It is expensive, scary and sometimes frustrating for employers to plunge into the day-care business.

The Los Angeles City Hall South Child Care Center cost the city and the federal government $940,000 in capital expenditures. The government entities continue to subsidize the center to the extent that they pay for maintenance and utilities and do not charge the center’s outside operator rent. Operating costs are paid for by parent fees, which range from $352 a month for preschoolers to $390 a month for children younger than 2.

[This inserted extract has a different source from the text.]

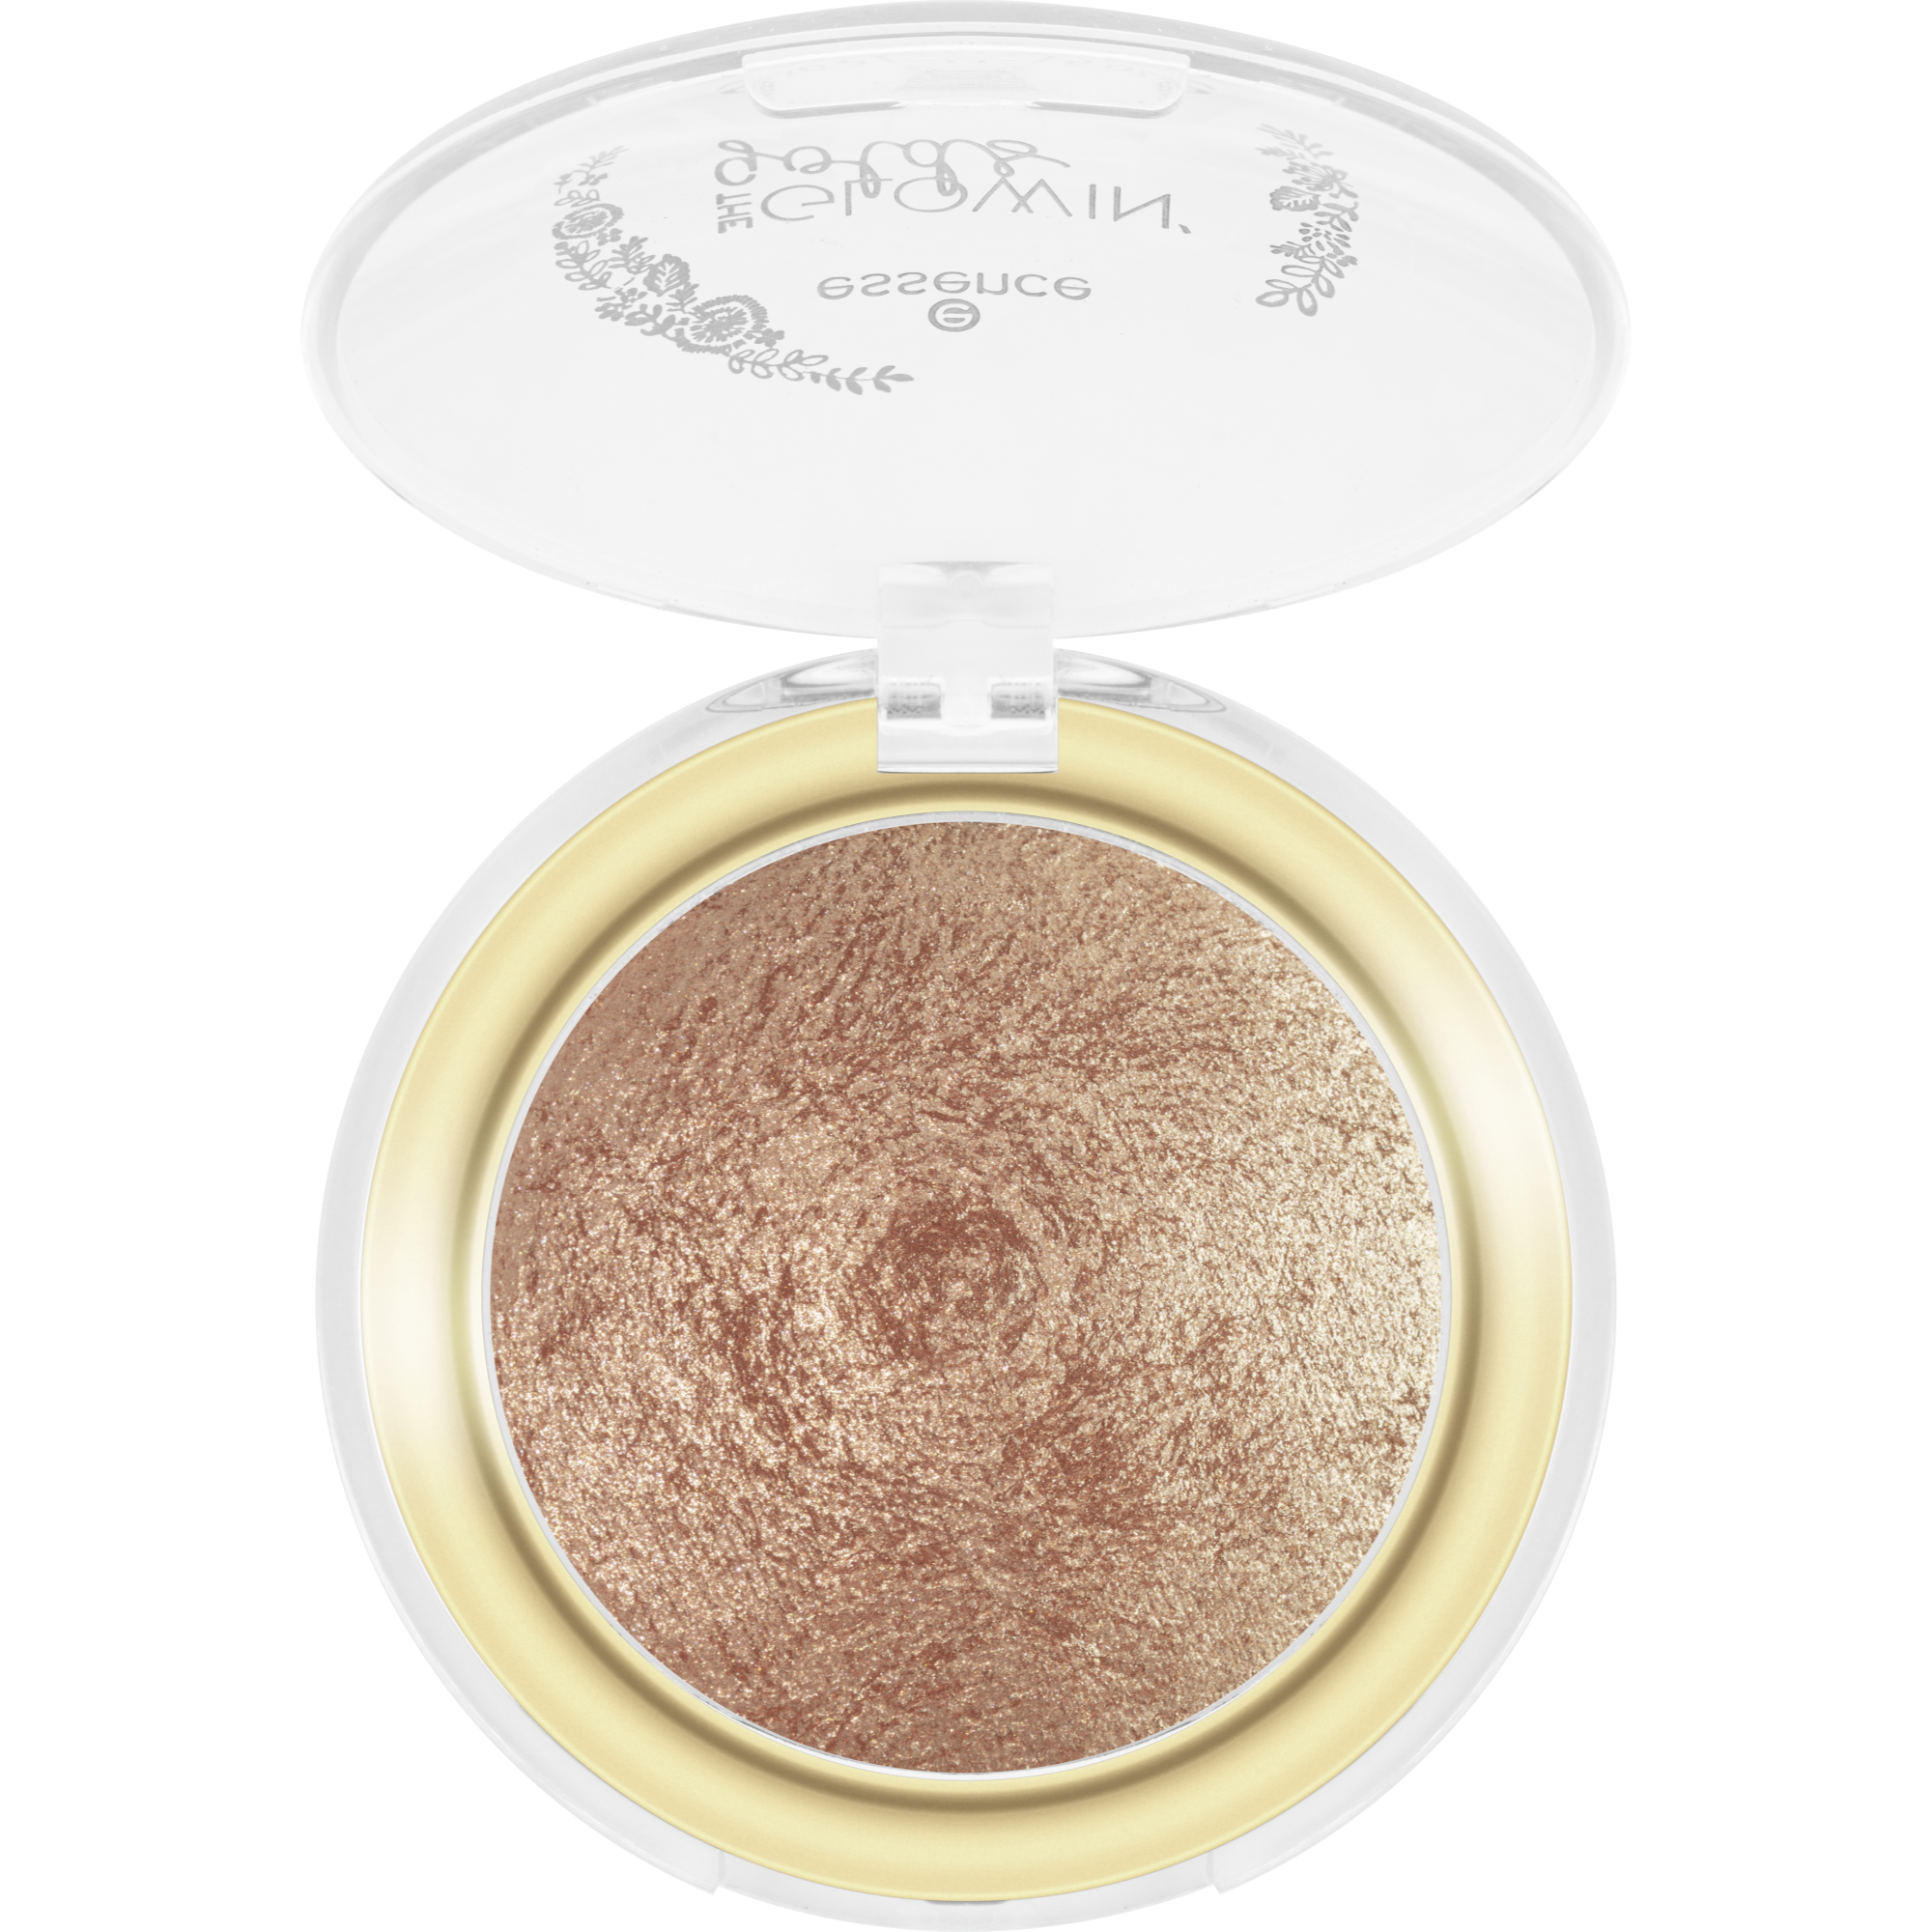 the glowin' golds vitamin C baked highlighter

When employers consider day-care centers, the first word they utter is usually liability . Liability insurance for an average-size center of about 60 children can range anywhere from $6,000 to $20,000 a year. Many employers who want to offer their workers on-site day care find it easier to turn to outside contractors, which carry the liability insurance, hire and train the employees, and run the center.

“The employer provides the space and the people to fill it,” said Peterson. “We do the rest.” But to attract parents to the center, Cornerstone-West also requires some kind of employer subsidy to make the fees about 25% lower than the market rate for comparable quality. The employer subsidy is usually in the form of free rent and/or upkeep of the center and utilities.

Often, it can take longer than anticipated to fill the spaces. Sometimes, employees will express great interest in an on-site center in principle, but will not be willing to uproot their children to bring them to work.

This was the case at the City Hall center. From initial employee response, the city was sure the center would operate at capacity right away, but it took months for the all the spaces to be filled.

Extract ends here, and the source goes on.